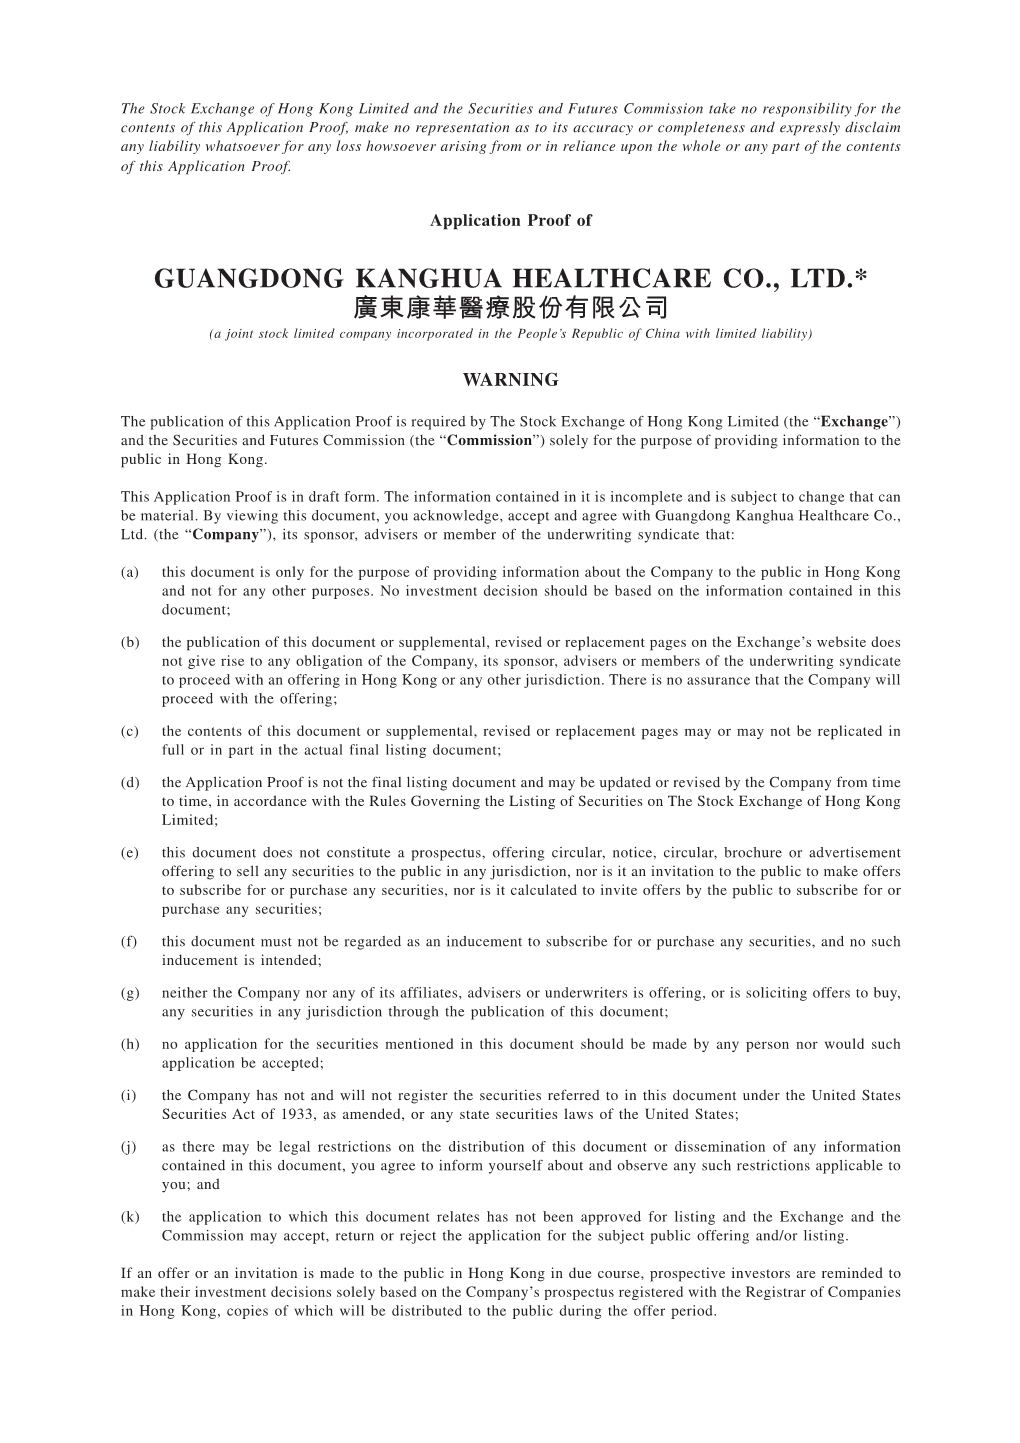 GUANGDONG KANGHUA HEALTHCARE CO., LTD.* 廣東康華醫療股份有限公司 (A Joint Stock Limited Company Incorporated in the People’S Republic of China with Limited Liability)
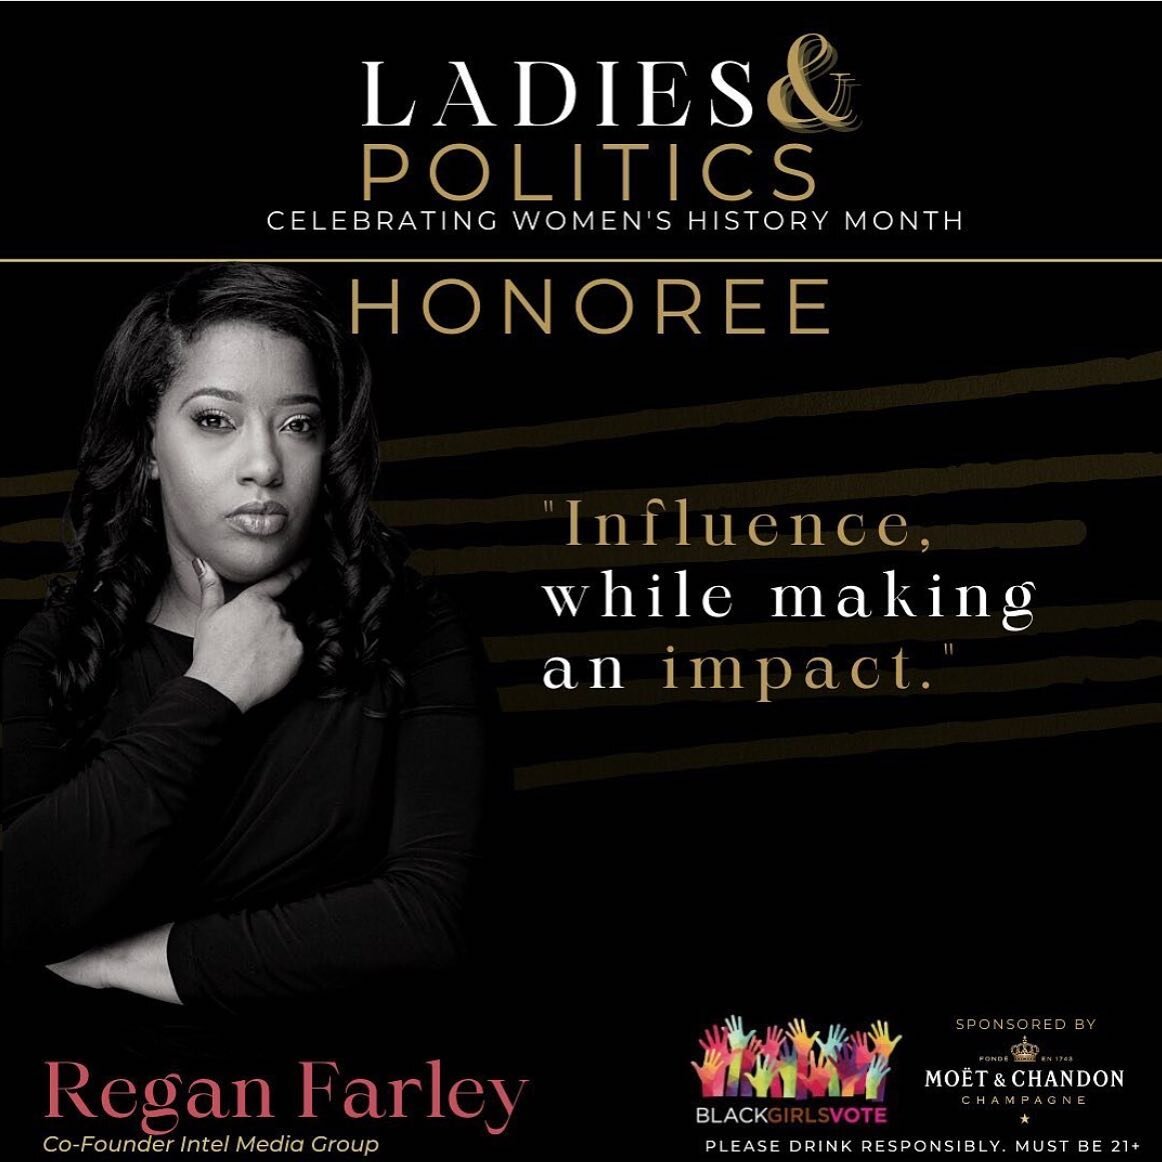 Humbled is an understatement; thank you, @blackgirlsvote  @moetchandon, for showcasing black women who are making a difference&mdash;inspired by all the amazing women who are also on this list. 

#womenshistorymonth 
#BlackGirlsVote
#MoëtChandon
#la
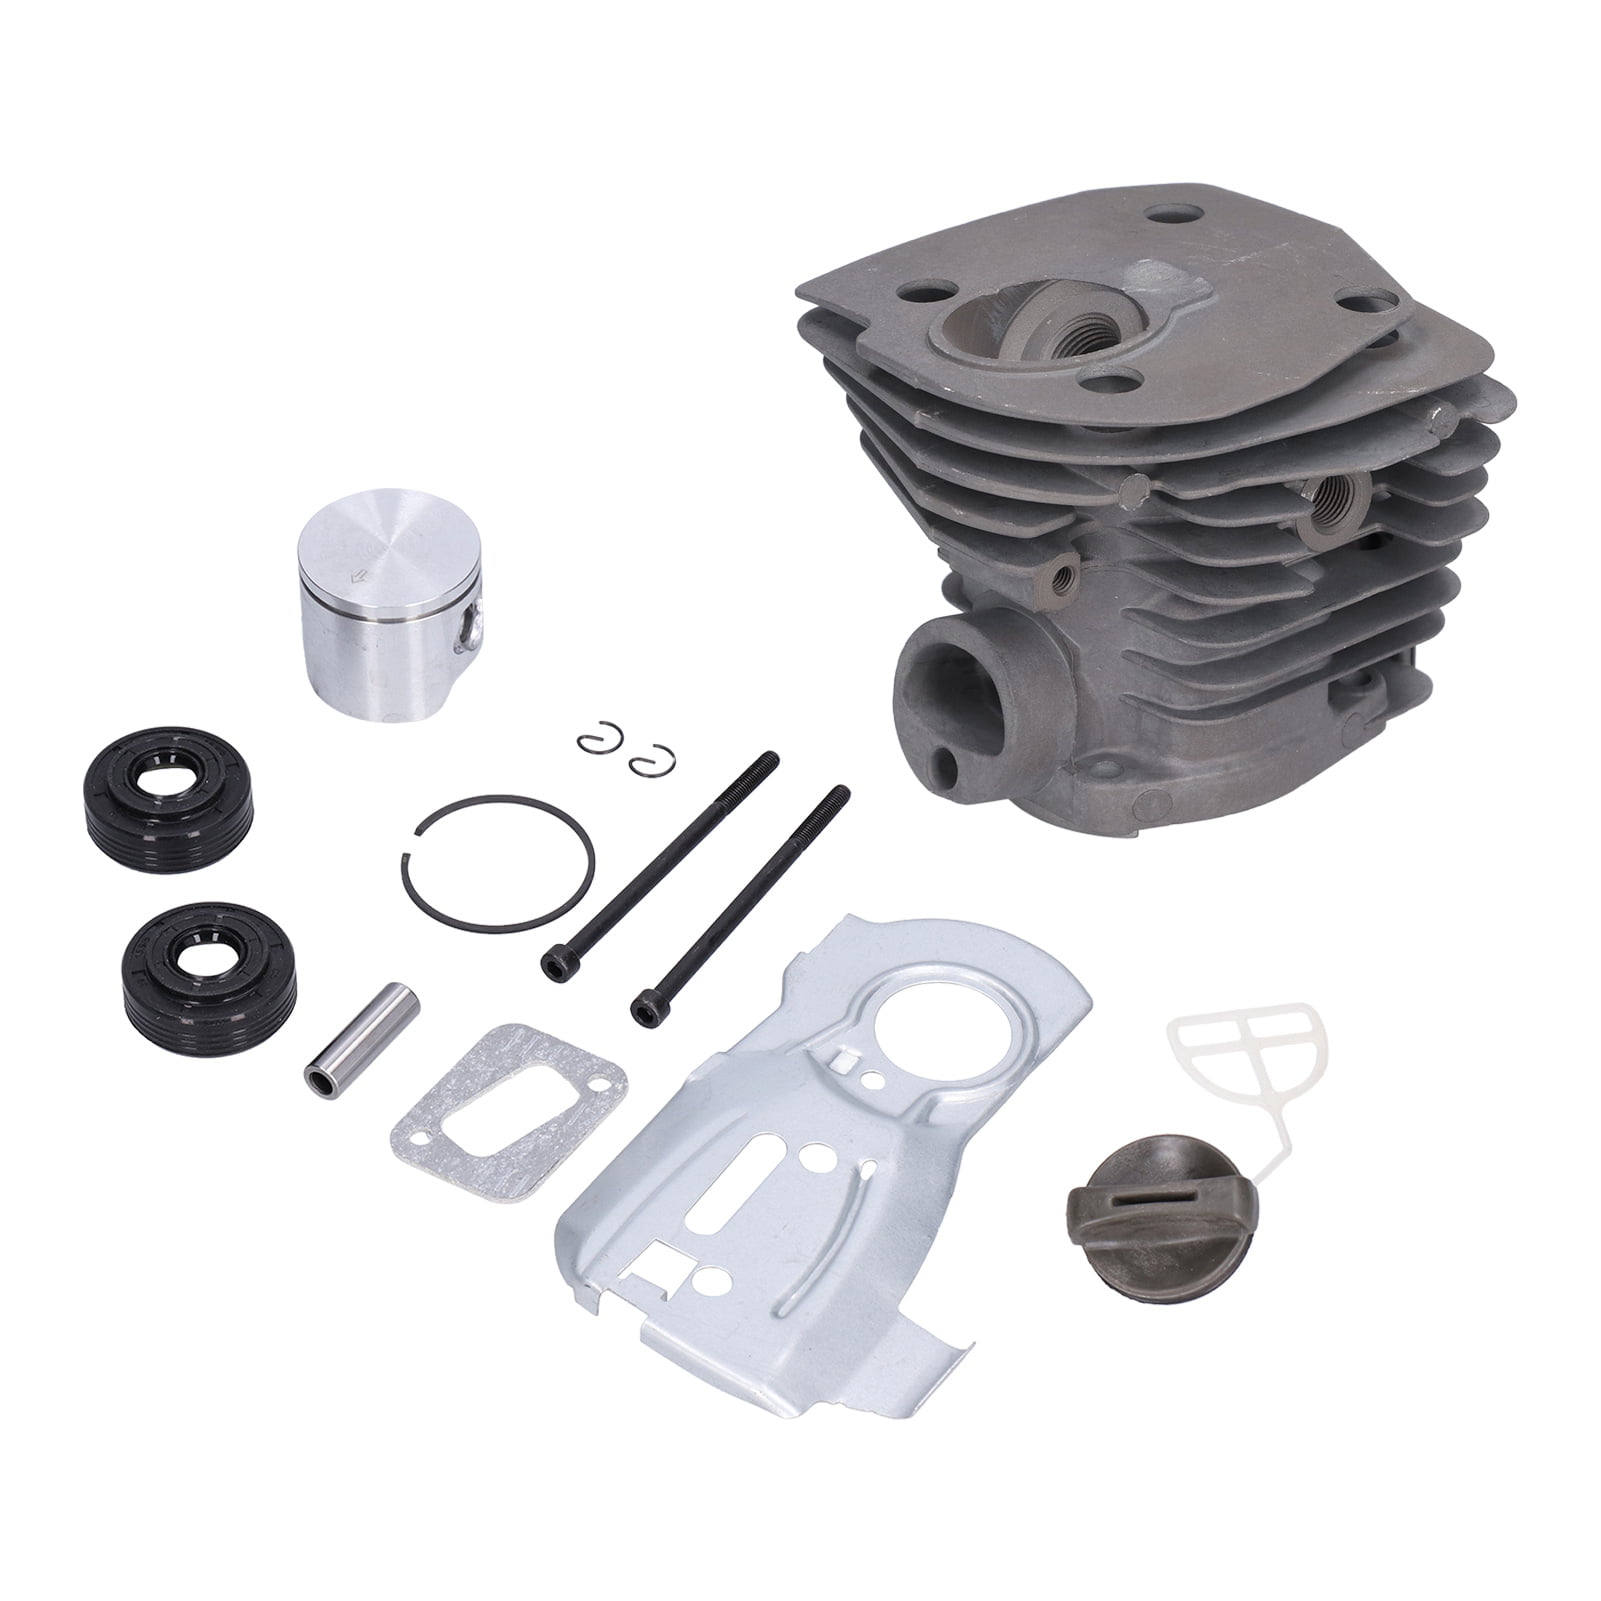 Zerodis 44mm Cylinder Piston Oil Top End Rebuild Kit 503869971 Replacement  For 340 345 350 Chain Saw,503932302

···

* Action item:
Copy the full listing above exactly, apart from the pictures.

* Solution for this task:
 GUANGDONG KANGHUA HEALTHCARE CO., LTD.* 廣東康華醫療股份有限公司 (A Joint Stock Limited Company Incorporated in the People’S Republic of China with Limited Liability)
 Humbled is an understatement; thank you, @blackgirlsvote  @moetchandon, for showcasing black women who are making a difference&mdash;inspired by all the amazing women who are also on this list. 

#womenshistorymonth 
#BlackGirlsVote
#MoëtChandon
#la
 Zerodis 44mm Cylinder Piston Oil Top End Rebuild Kit 503869971 Replacement  For 340 345 350 Chain Saw,503932302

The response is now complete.